Tycoon Lee Shau-kee may donate land for cheap housing

Henderson prepared to let government build flats on some of the farmland it owns

PUBLISHED : Saturday, 23 February, 2013, 12:00am
UPDATED : Saturday, 23 February, 2013, 5:15am

Property tycoon Lee Shau-kee is considering donating farmland to the government to use for affordable housing, his company confirmed on Friday.

Henderson Land Development, one of the city's largest developers, said it had been in talks with the government about the plan, but it gave no details of the location, size or number of pieces of land Lee would donate.

The statement came about a month after Lee, Henderson's chairman, said his company would consider building homes in the New Territories with a price tag of only HK$1 million each for first-time homebuyers, as long as the government would exempt it from paying a land premium.

"If the government waives land-premium charges on farmland modifications, we hopefully can build flats of 300 sq ft at a price of HK$1 million each," he said at the time.

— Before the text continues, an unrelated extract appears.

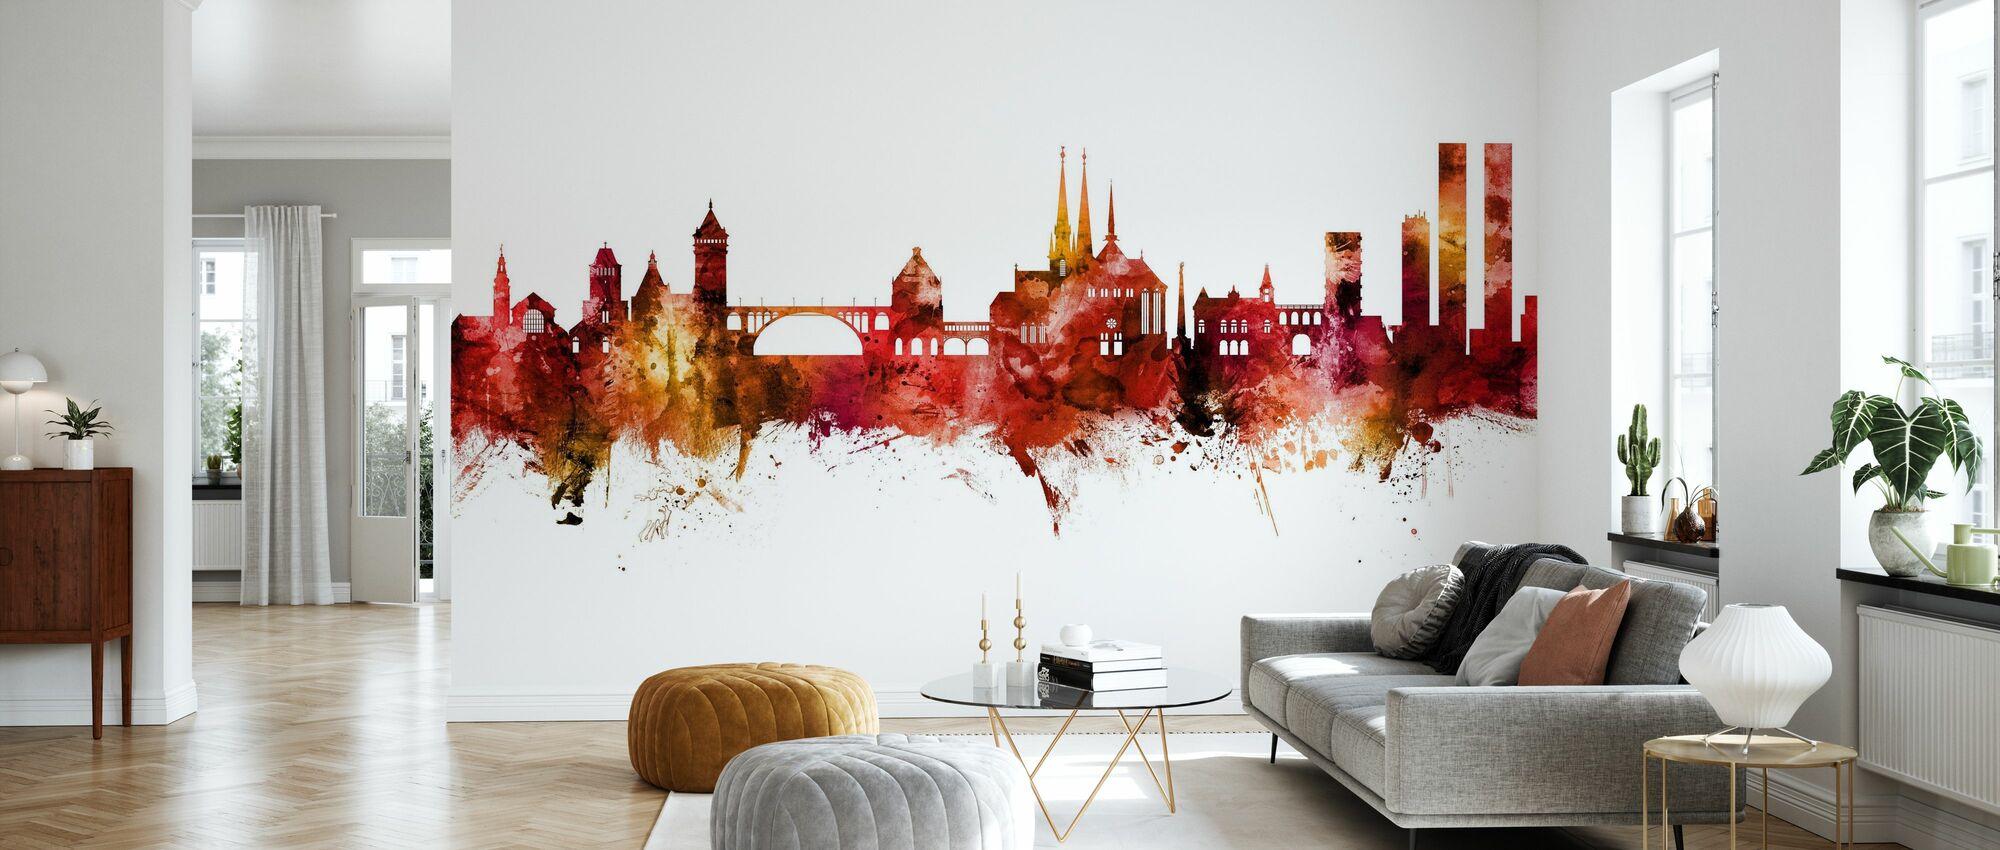 Luxembourg City Skyline - Wallpaper - Living Room

Yesterday, Ming Pao reported that Lee had contacted the government before the Lunar New Year about his proposal. The government in turn proposed that the billionaire donate his farmland for low-priced flats.

The newspaper cited sources saying Lee was favourable towards the counter-proposal, provided such flats were targeted at young homebuyers.

The Development Bureau said yesterday the government was open to suggestions about ways to boost supply and satisfy the public's housing needs.

"In regard to suggestions from a certain developer, we will actively consider the proposal, but we will also need to study whether it is feasible in terms of town planning, transportation, the environment, infrastructure and so on," a spokeswoman said.

We will also need to study whether it is feasible in terms of town planning, transportation, the environment, infrastructure and so on

Professor Eddie Hui Chi-man of Polytechnic University's building and real-estate department said it would be better if the developer could donate the land to the government for development, instead of letting the developer build low-priced flats with land premium waivers.

"Some farmland is not very accessible, so if the government can obtain the sites and develop them, together with other infrastructure and facilities in the area, the town planning can be better," he said.

Henderson Land's reserves in the New Territories are the largest among all Hong Kong property developers.